Let's prepare the rules for assembling System \ Collectors \ Manage Configurations logs. Create a configuration and go to its configuration, there immediately go to the tab NXLog. We see 3 fields: Output, Configure NXLog Inputs and Define NXLog Snippets. These are all pieces of NXLog's configs, which will be the collector to climb to the final nodes. From here we will manage the fields and their values, as well as the files that we will be monitoring, etc.

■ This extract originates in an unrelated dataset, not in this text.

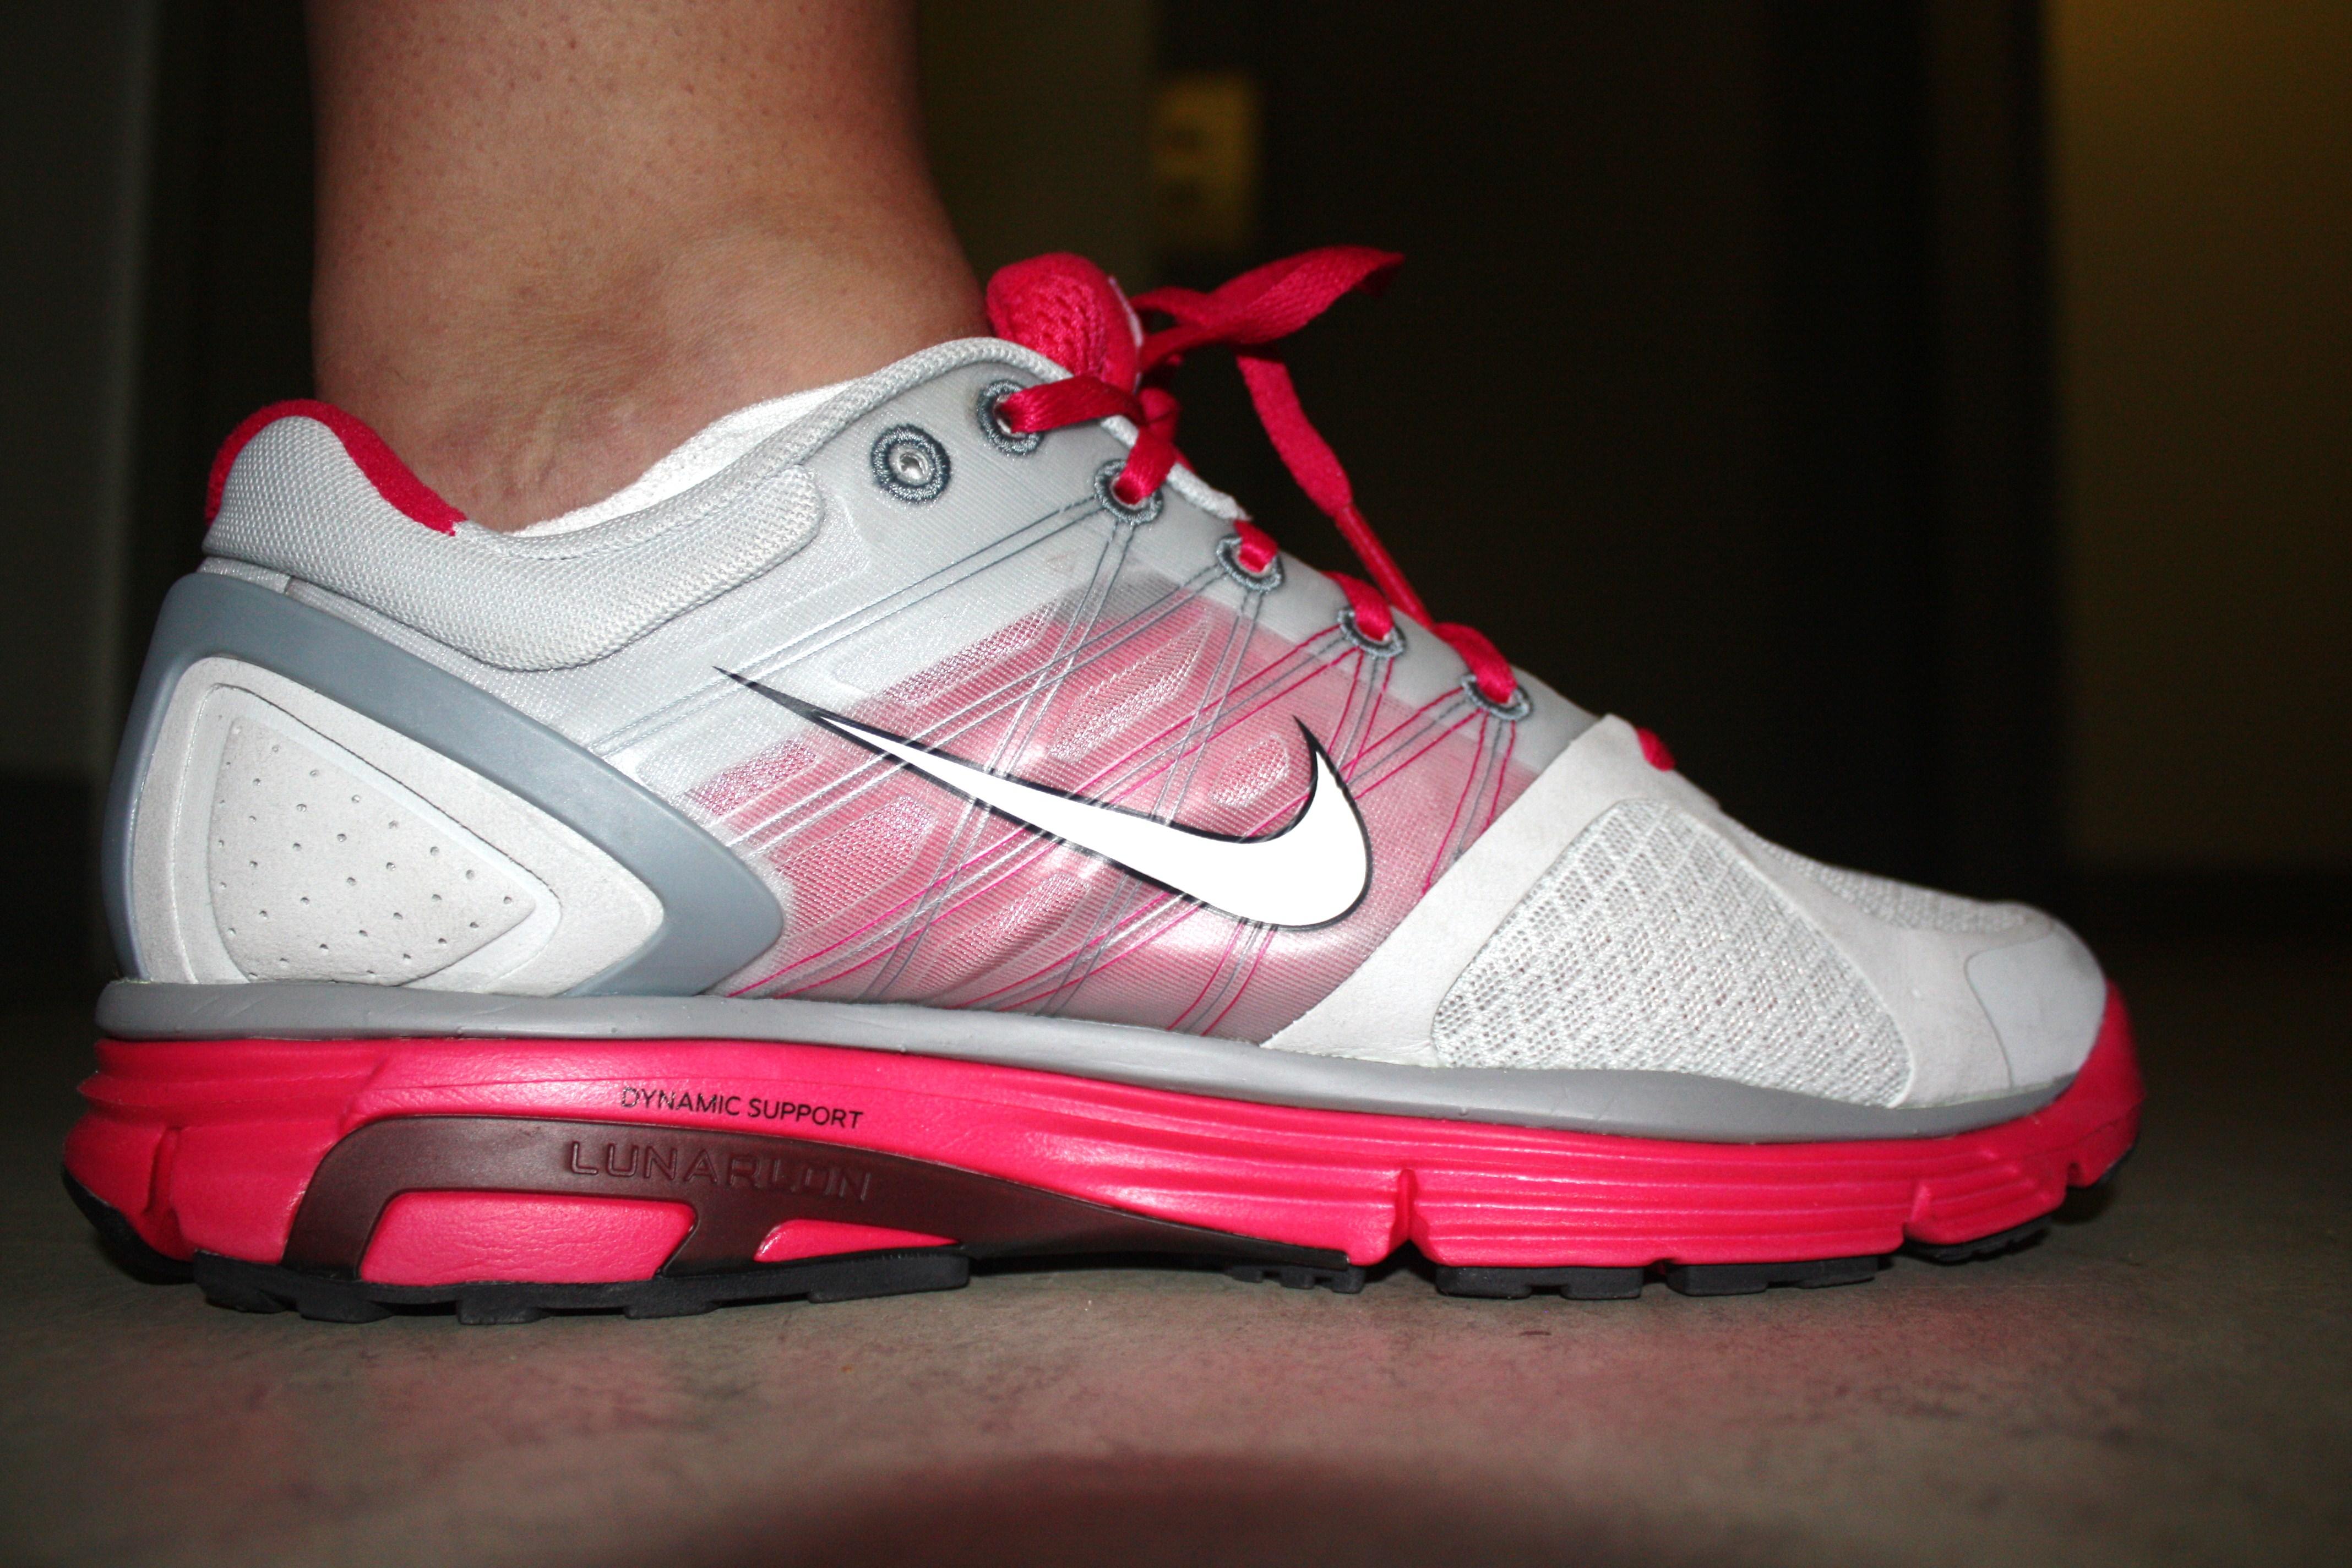 Nike Lunarglide 2 Flywire Boston WCjkOJdFG5

Let's start with the tags. We drive in tags according to which the client will understand which configuration he needs to pick up.
Output field, there is one configuration:

- Name. Everything is clear here - the name by which we understand what it is.
- Type. In our case, this is TCP.
- Server IP. Here we specify the address where to send the logs (in our case, this is the DNS, the name that is allowed in 2 addresses).
- Port. As we remember, we use a balancer - at the entrance we indicate the port of the balancer, which in turn spreads on the greylogs nodes.
- Next, turn on the buffer on the host.
- And do not overwrite the hostname.
- Additional Fields. Here we add additional fields that will be applied at the configuration level.
- Next field for manual configuration fields. Details can be read on the site NXLog'a. In our case, as an example, simply splitting the hostname into the required fields:
Exec $Hostname= $collector_node_id; Exec if ( $collector_node_id =~ /^(\w+)\.(\w+).(\w+).(\w+).(\w+)/)\ { \ $name = $1;\ $datacenter = $2; \ $region = $3;\ $platform = $5;\ };
This was a general configuration setting, where to send and how to sign each log. Next in the Configure NXLog Inputs field, we indicate which files to monitor.

- Name - ...
- Forward to (Required). This is the above created output.
- Type. There are quite a lot of types that NXLog can do, in this case we specify the file, which means that we will take the data from the file.
- Path to Logfile. Path to file or files. Regexps are supported, you just need to remember that in the case of Windows, the file must have an extension and all the files in the directory look like this: “*. *”.
- Poll Interval. How often to check changes in seconds.
- The next set of check boxes describes the behavior of working with a file and depends on the specifics of your logs.
- And then again, custom fields and raw field. In this case, we select a field from the log and transfer it as severity.
Define NXLog Snippets, we usually do not touch.
At this point, we assume that the default setting is complete, you can add more files, fields, etc. there.
Let's proceed to the installation of the agent. In general, it is very well described by
reference , so here we will not stop at the manual rolling of agents, but immediately proceed to automation. We make it ansiblom.
Under Linux, there is nothing complicated, and on Windows there is a problem in the automatic installation, so we simply unpack the file and generate unique UUIDs on the ansibla side. Roles for ansibla:
At this setting can be considered complete and the first logs will begin to appear in the system.
I would also like to talk about how we have tuned the system to fit our needs, but since the article has already turned out to be quite voluminous, it will be continued.